PROBLEM DETAILS => Reproduce the listing in full, pictures excluded.

DATASET EXTRACT =>
####

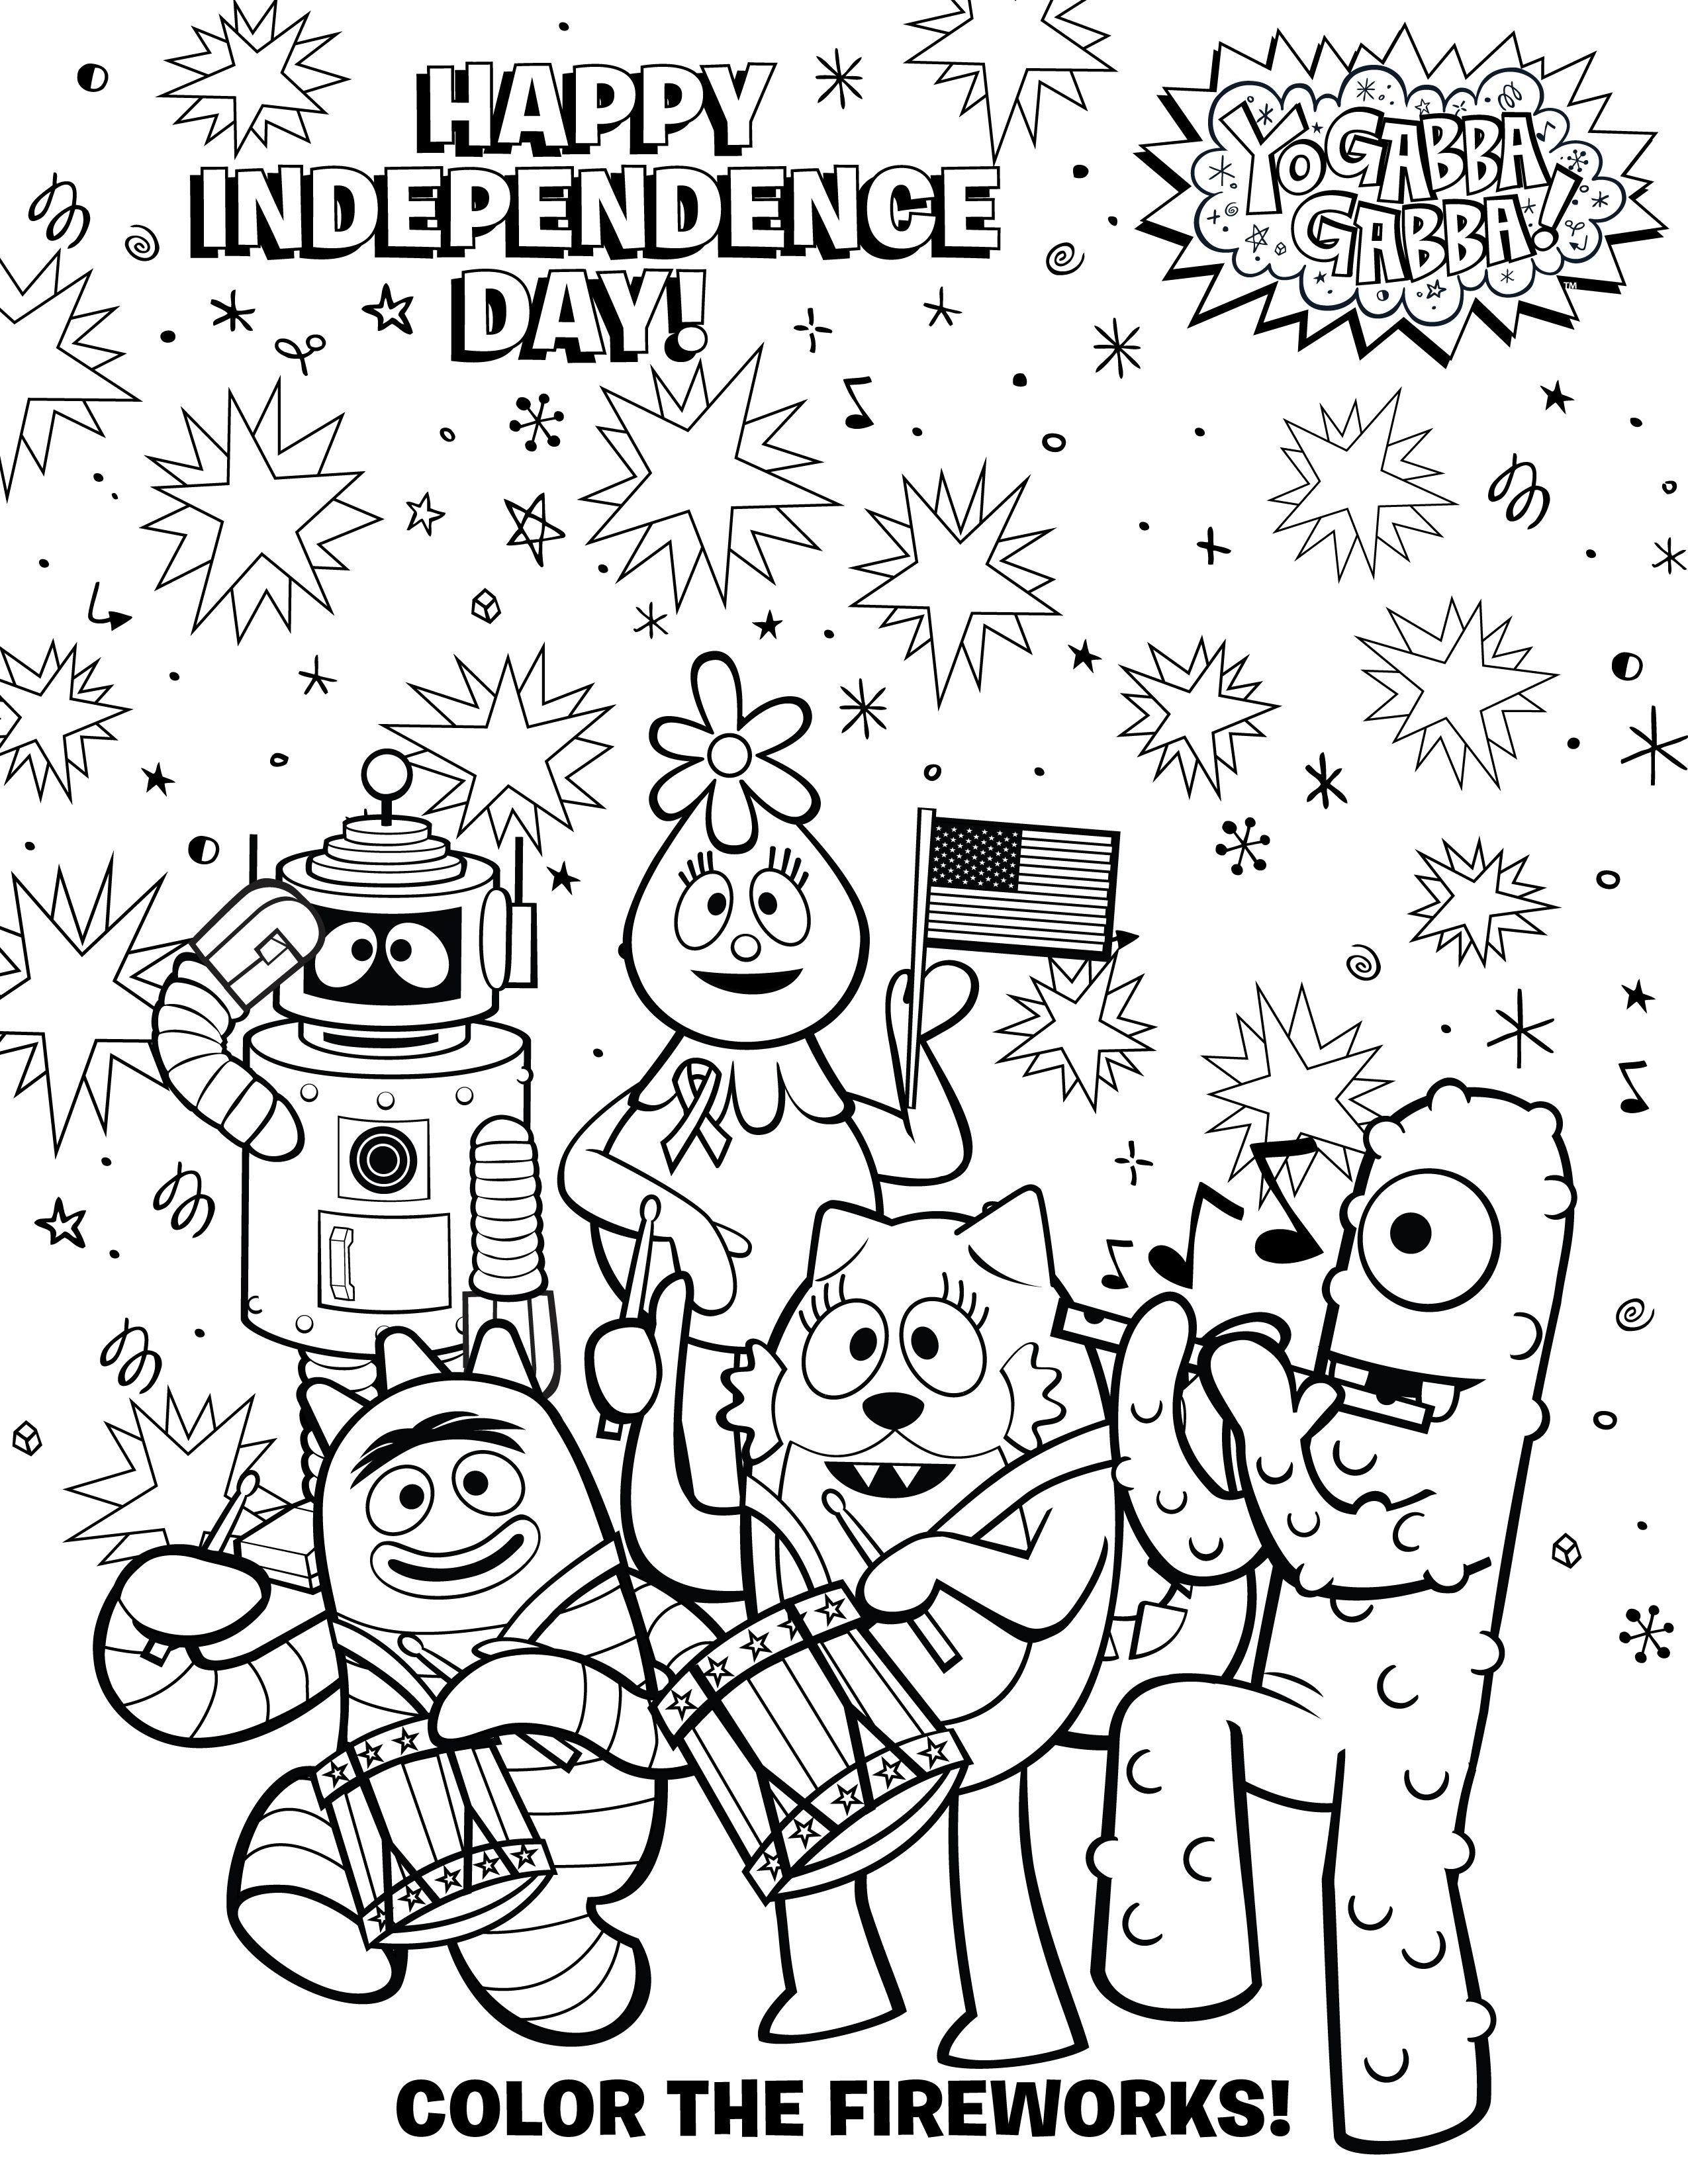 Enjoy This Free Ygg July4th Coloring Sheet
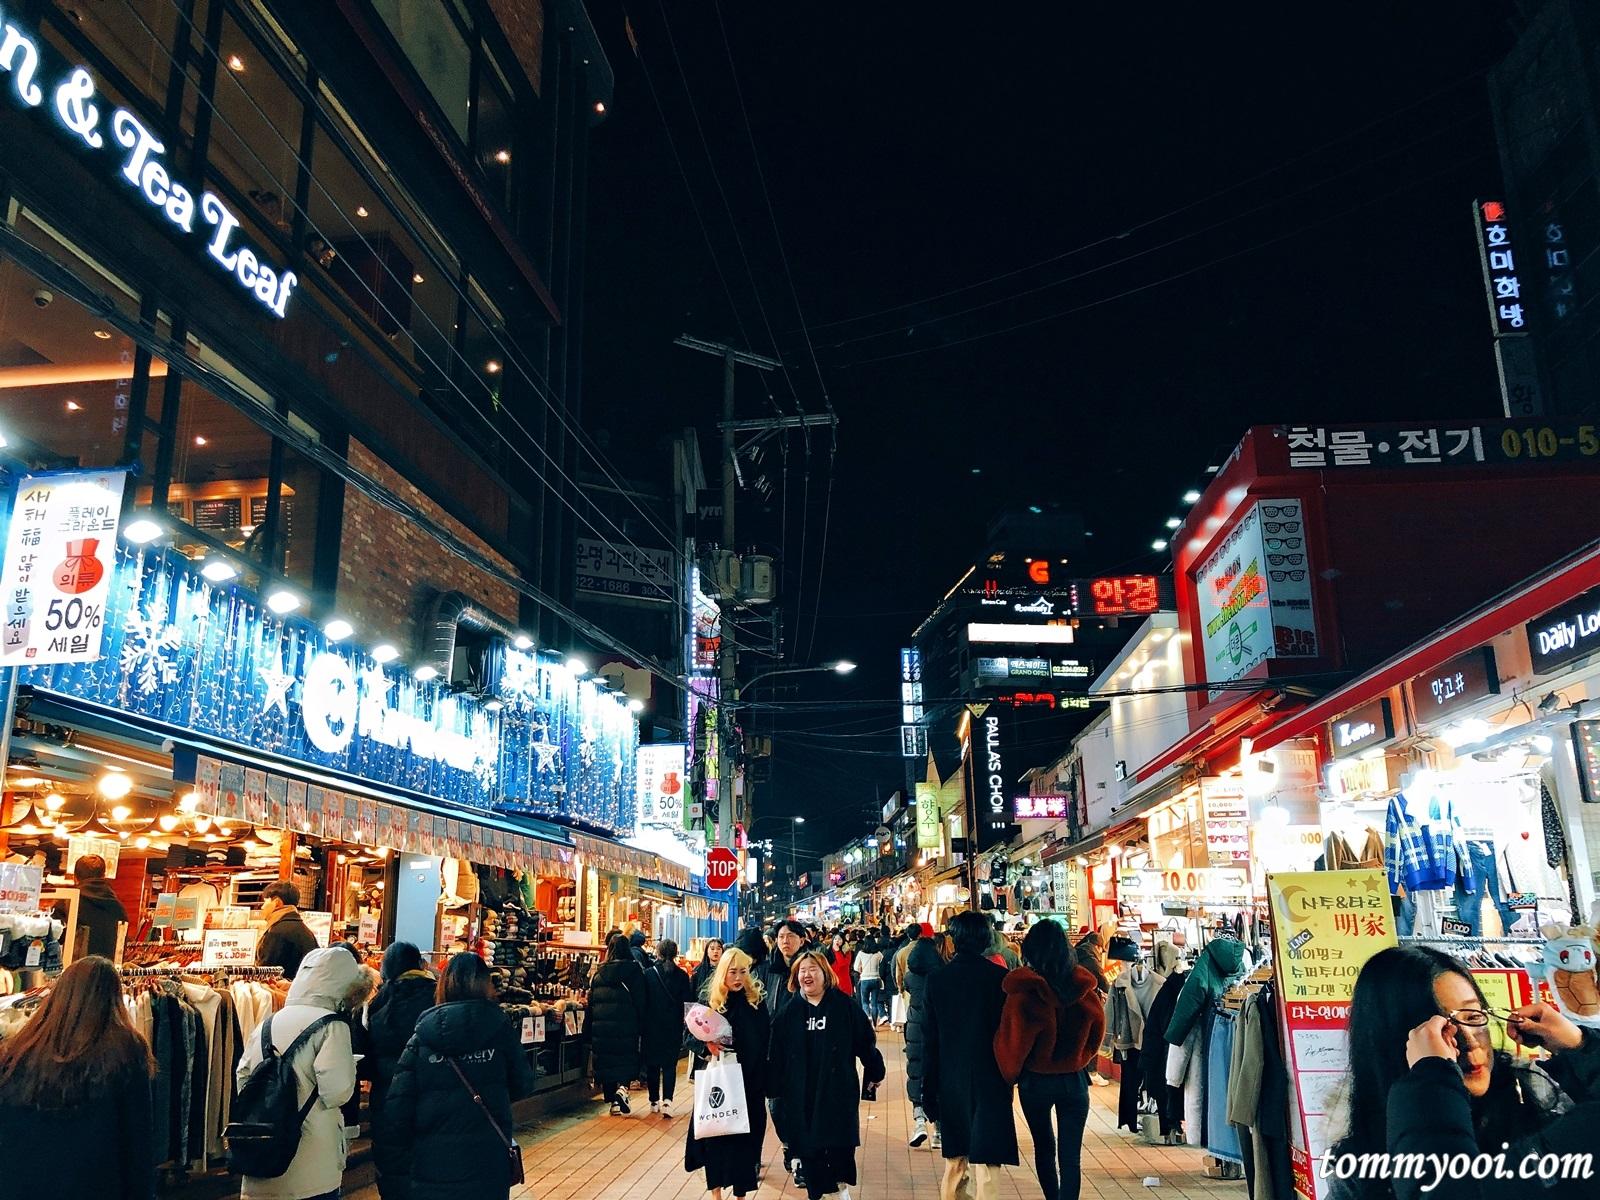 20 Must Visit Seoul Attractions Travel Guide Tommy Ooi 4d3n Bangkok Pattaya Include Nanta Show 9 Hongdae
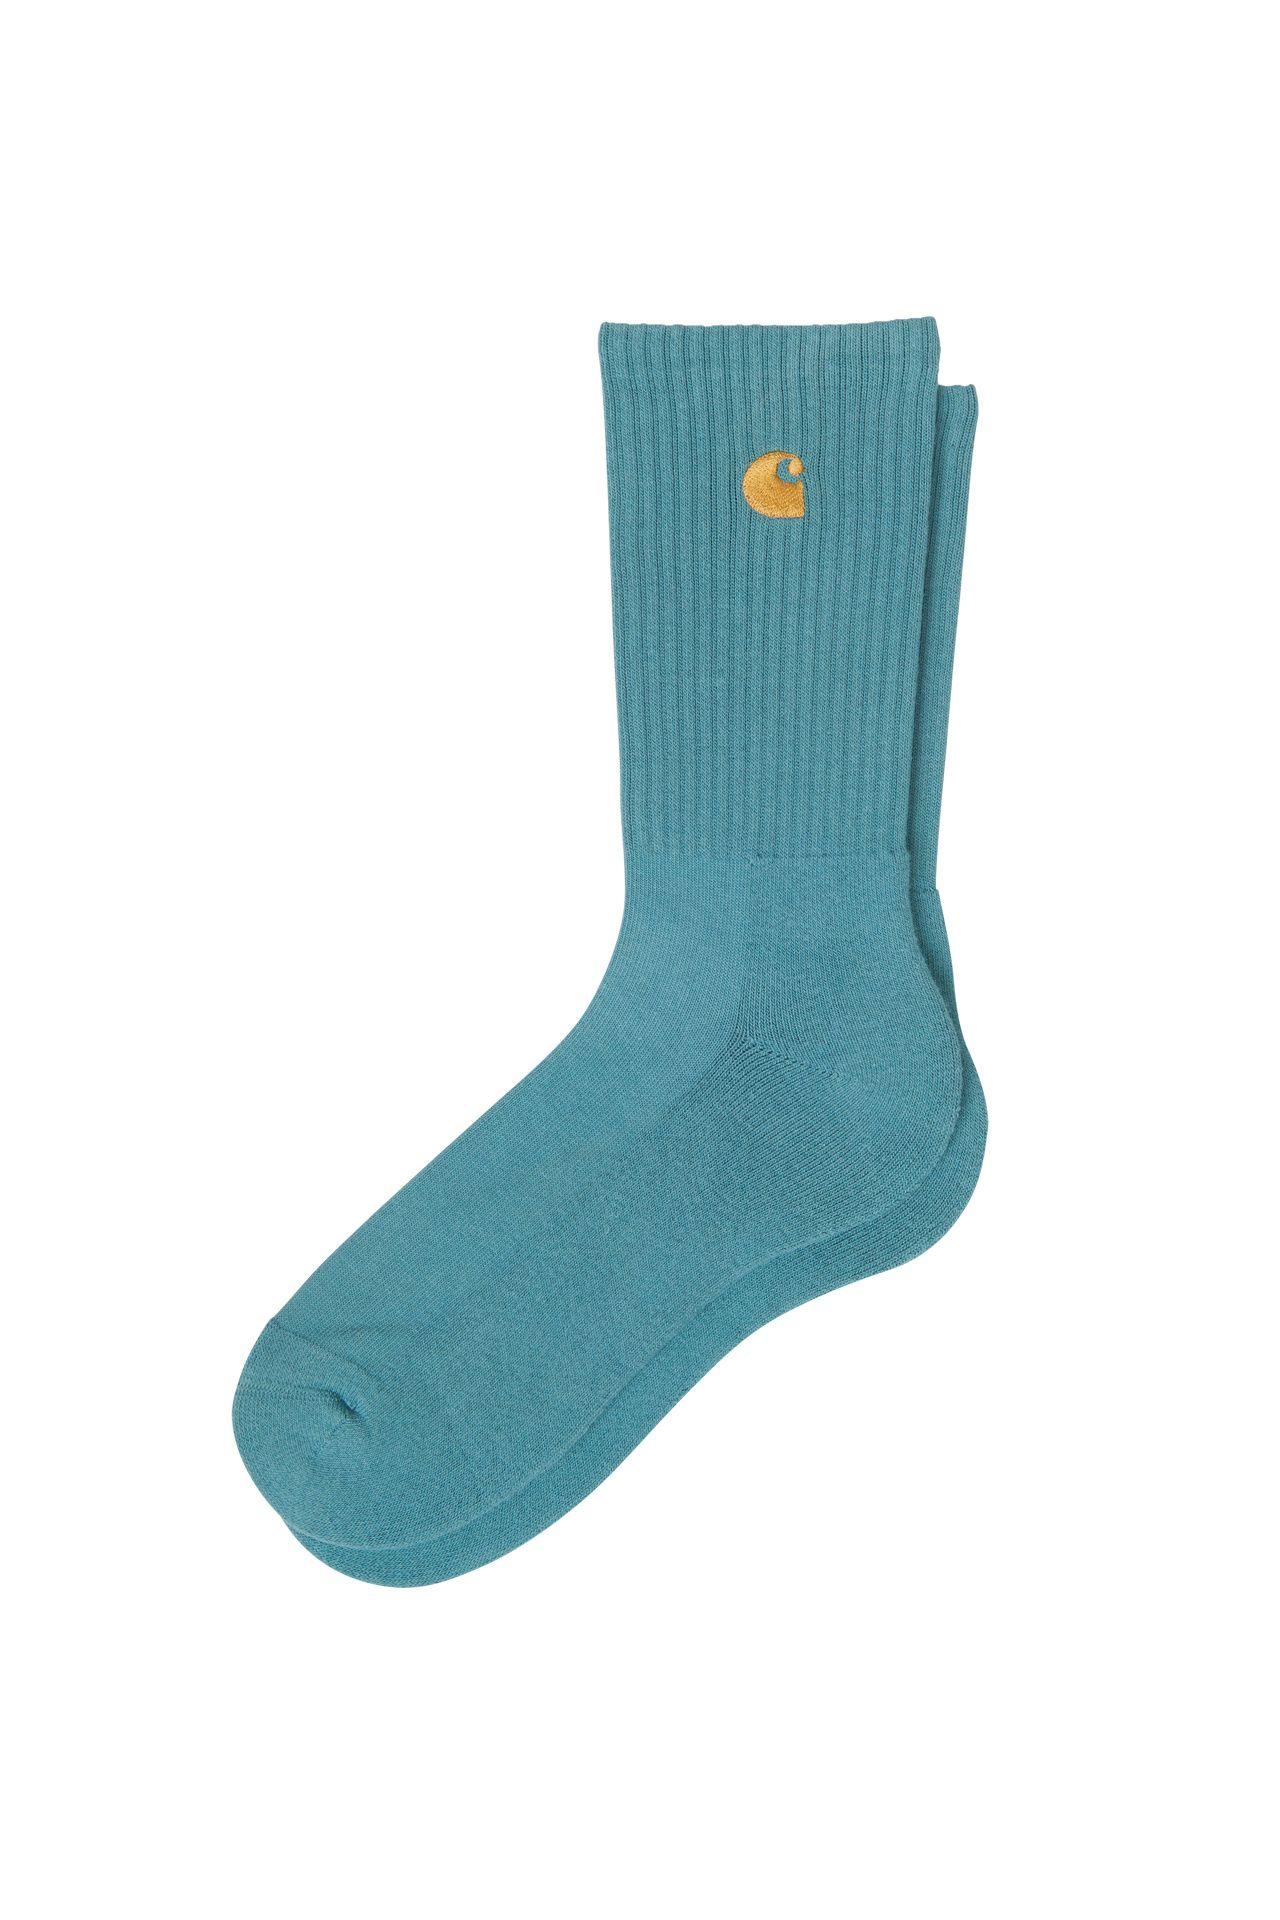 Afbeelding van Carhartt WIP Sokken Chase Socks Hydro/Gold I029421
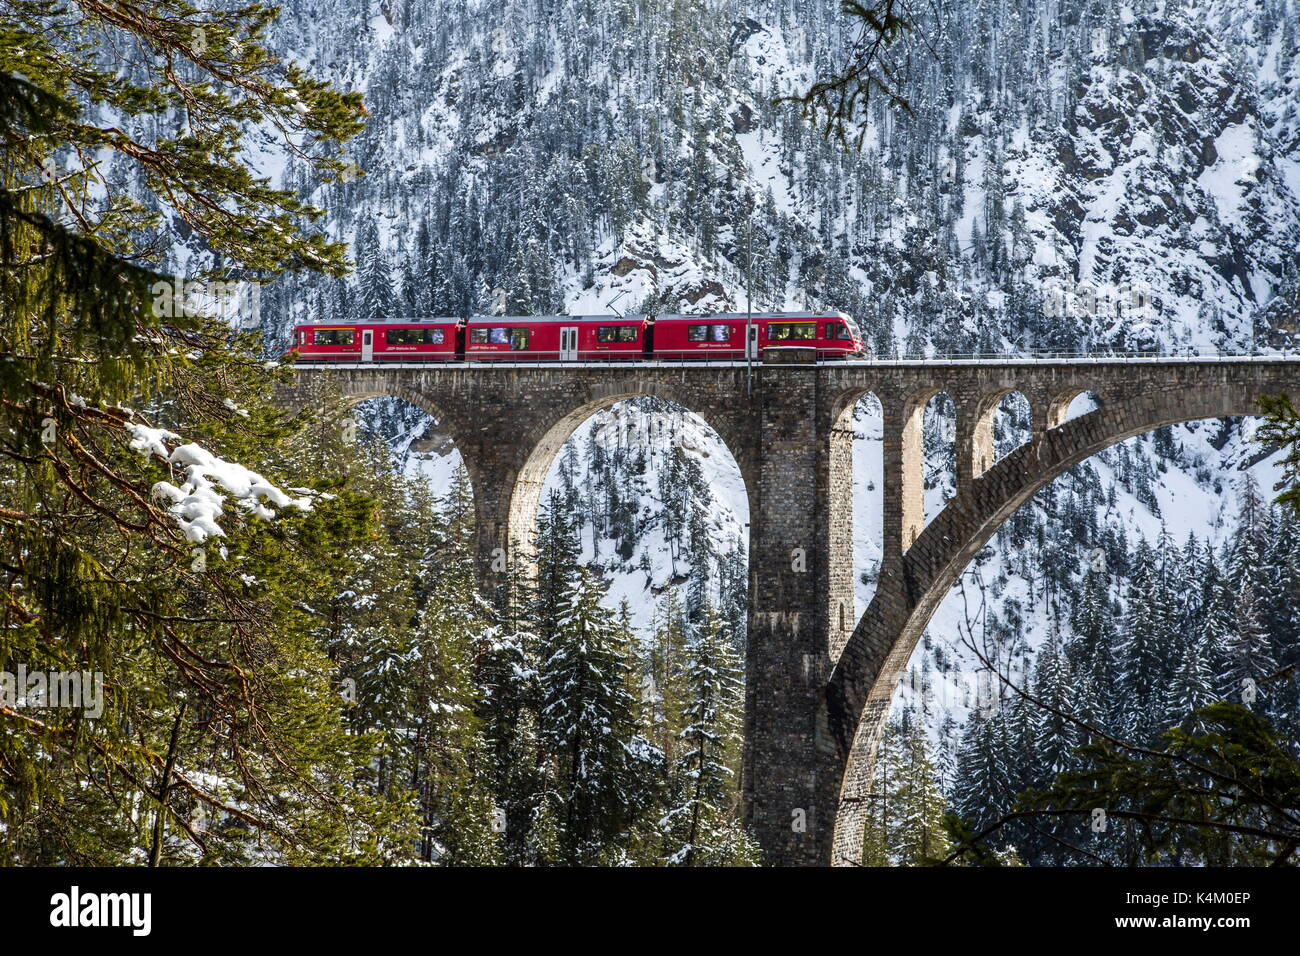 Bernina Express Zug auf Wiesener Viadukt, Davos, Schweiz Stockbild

####

OUTPUT OF THE TASK =>
 Enjoy This Free Ygg July4th Coloring Sheet
 20 Must Visit Seoul Attractions Travel Guide Tommy Ooi 4d3n Bangkok Pattaya Include Nanta Show 9 Hongdae
 Afbeelding van Carhartt WIP Sokken Chase Socks Hydro/Gold I029421
 Bernina Express Zug auf Wiesener Viadukt, Davos, Schweiz Stockbild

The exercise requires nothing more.